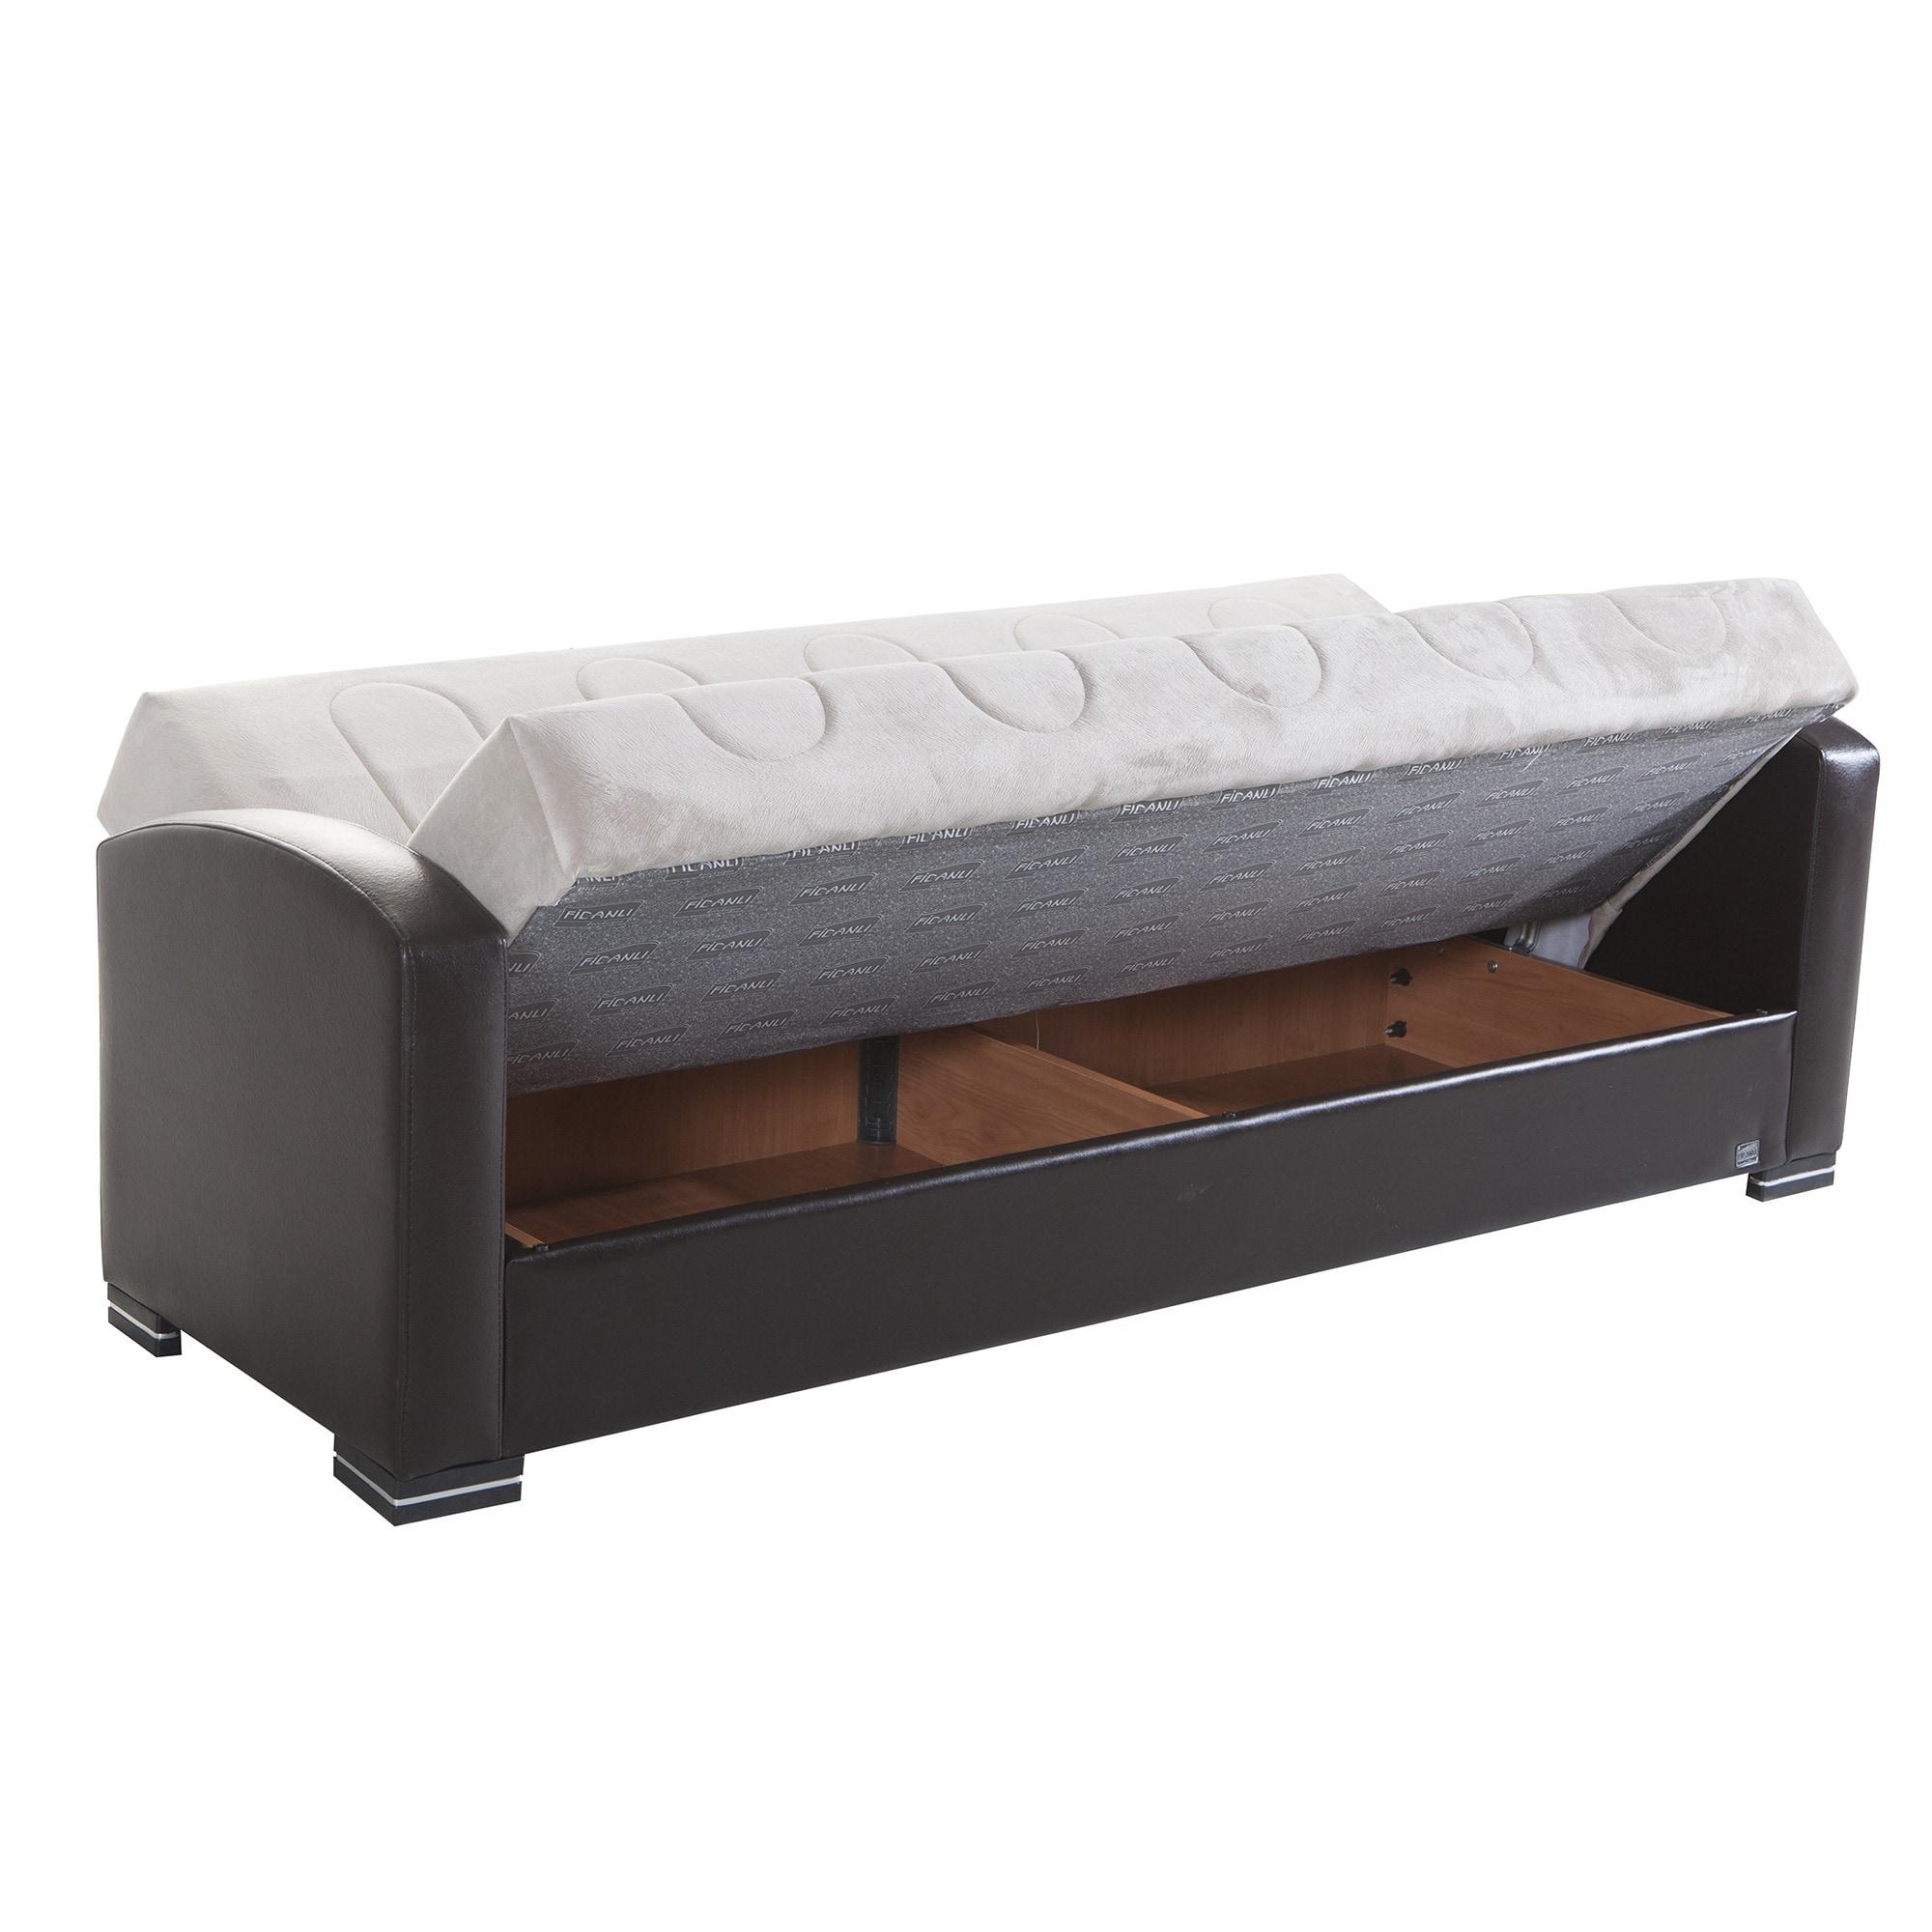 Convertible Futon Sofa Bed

* * *

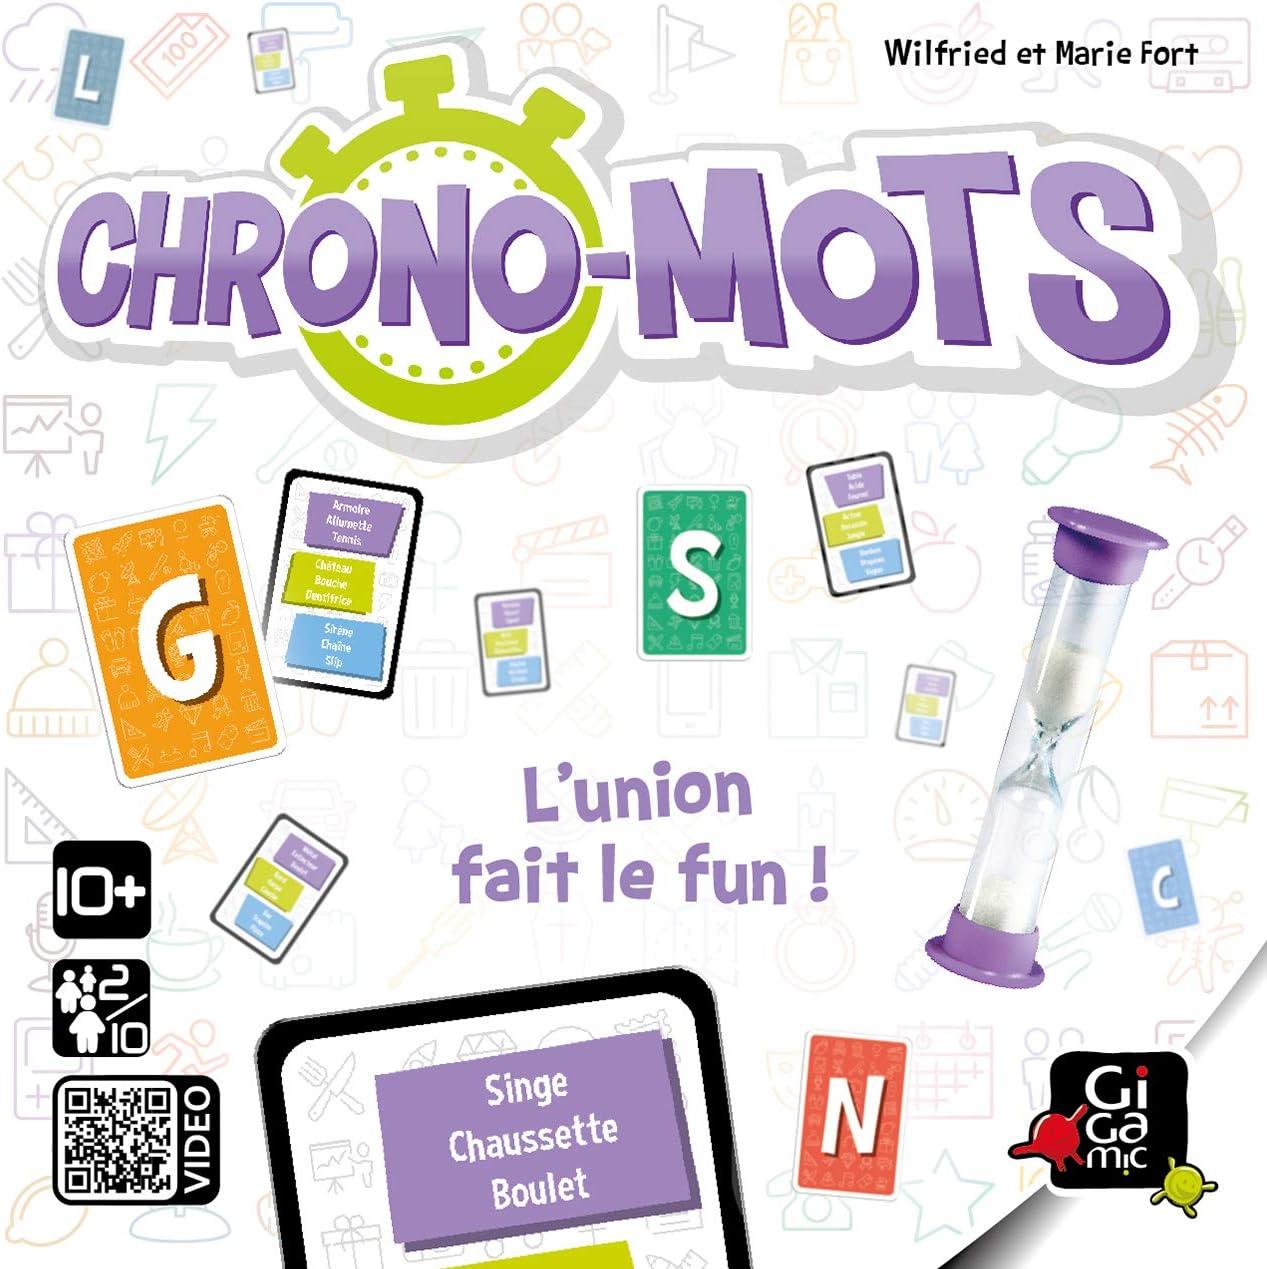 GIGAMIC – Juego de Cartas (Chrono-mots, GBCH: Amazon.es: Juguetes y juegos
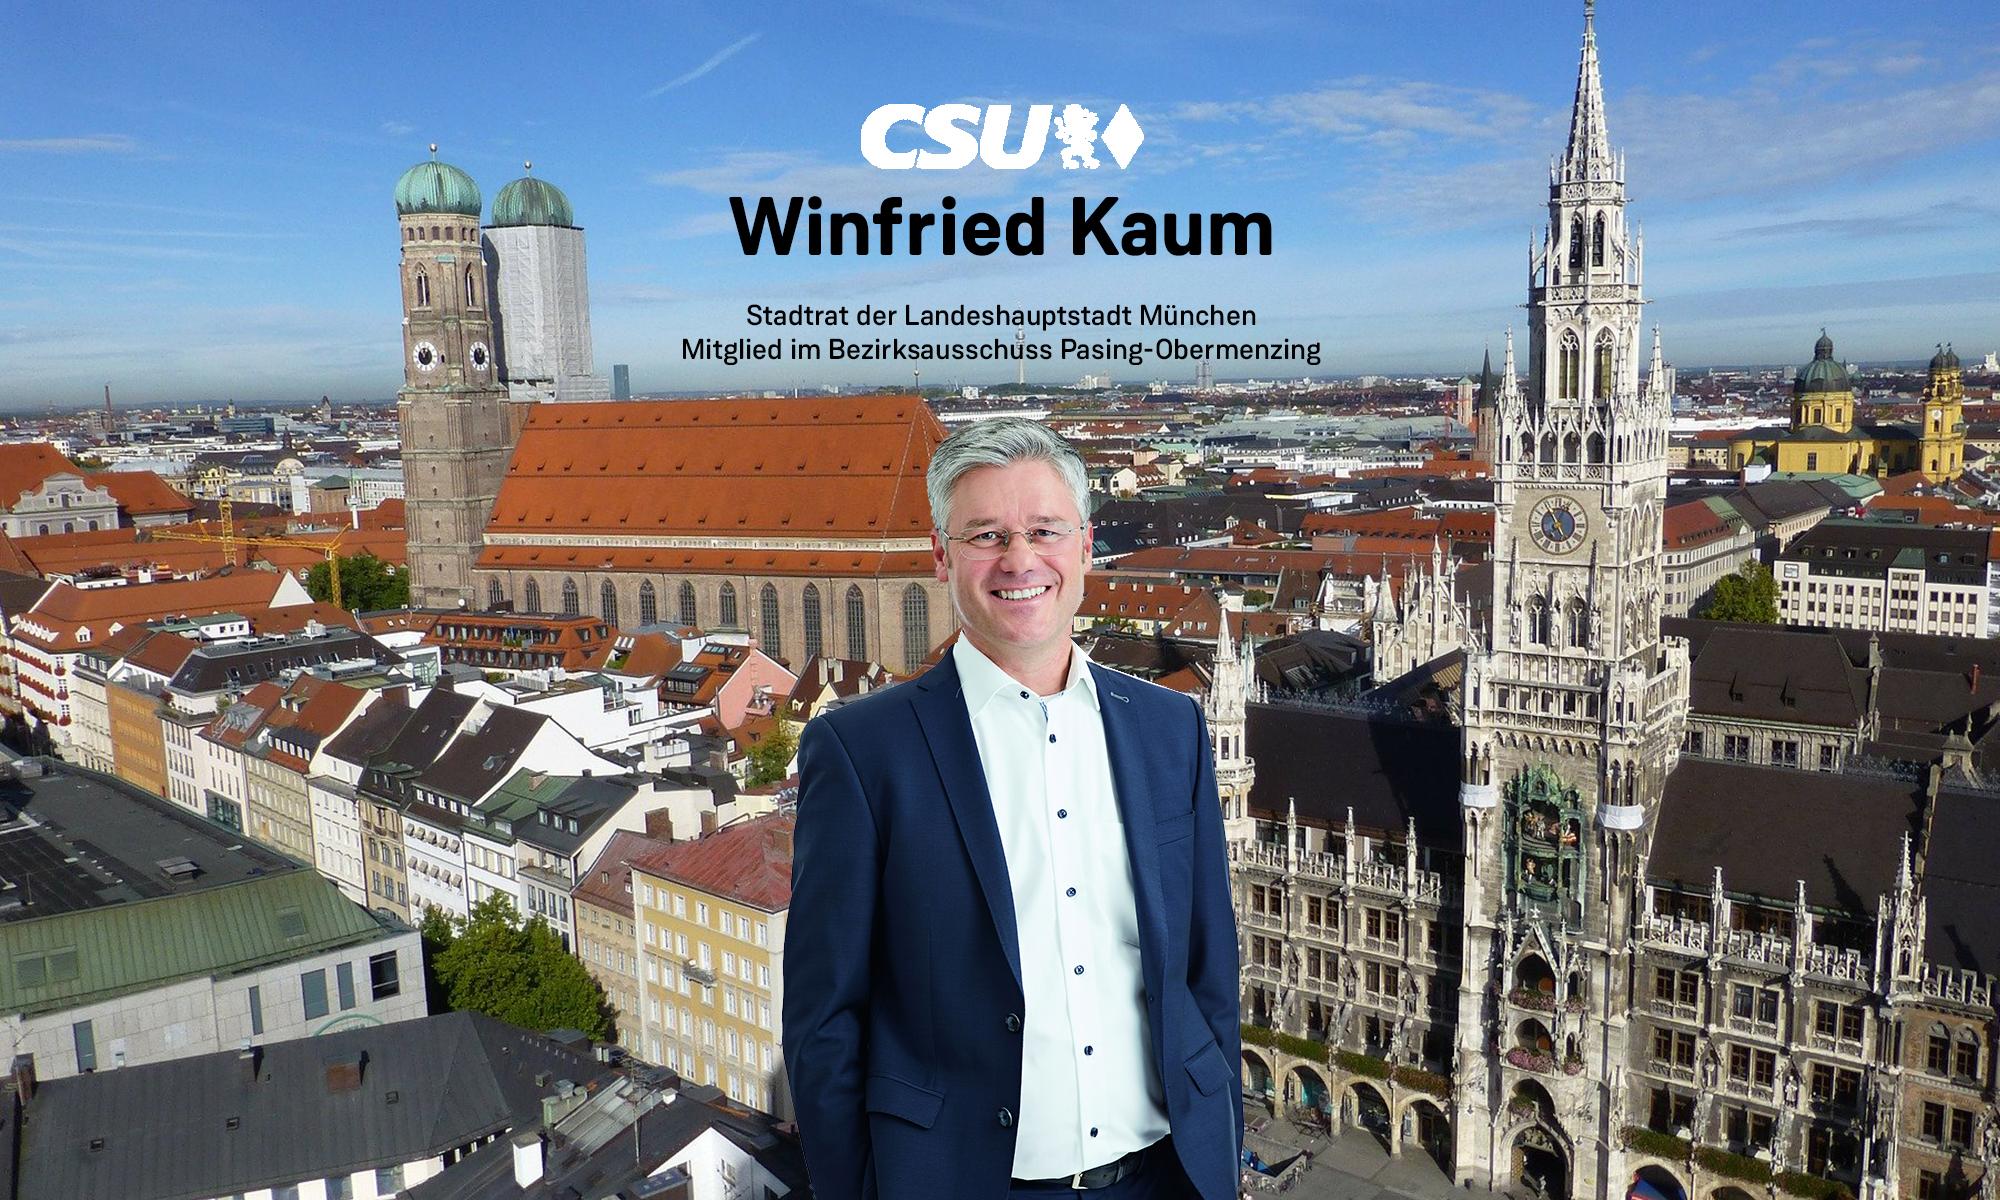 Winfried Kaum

■ Task details
Within the listing above, the lines starting at the one containing "GIGAMIC – Juego" and ending at the one containing "Winfried Kaum" are to be returned exactly. Omit the pictures.

■ Your solution
 GIGAMIC – Juego de Cartas (Chrono-mots, GBCH: Amazon.es: Juguetes y juegos
 Winfried Kaum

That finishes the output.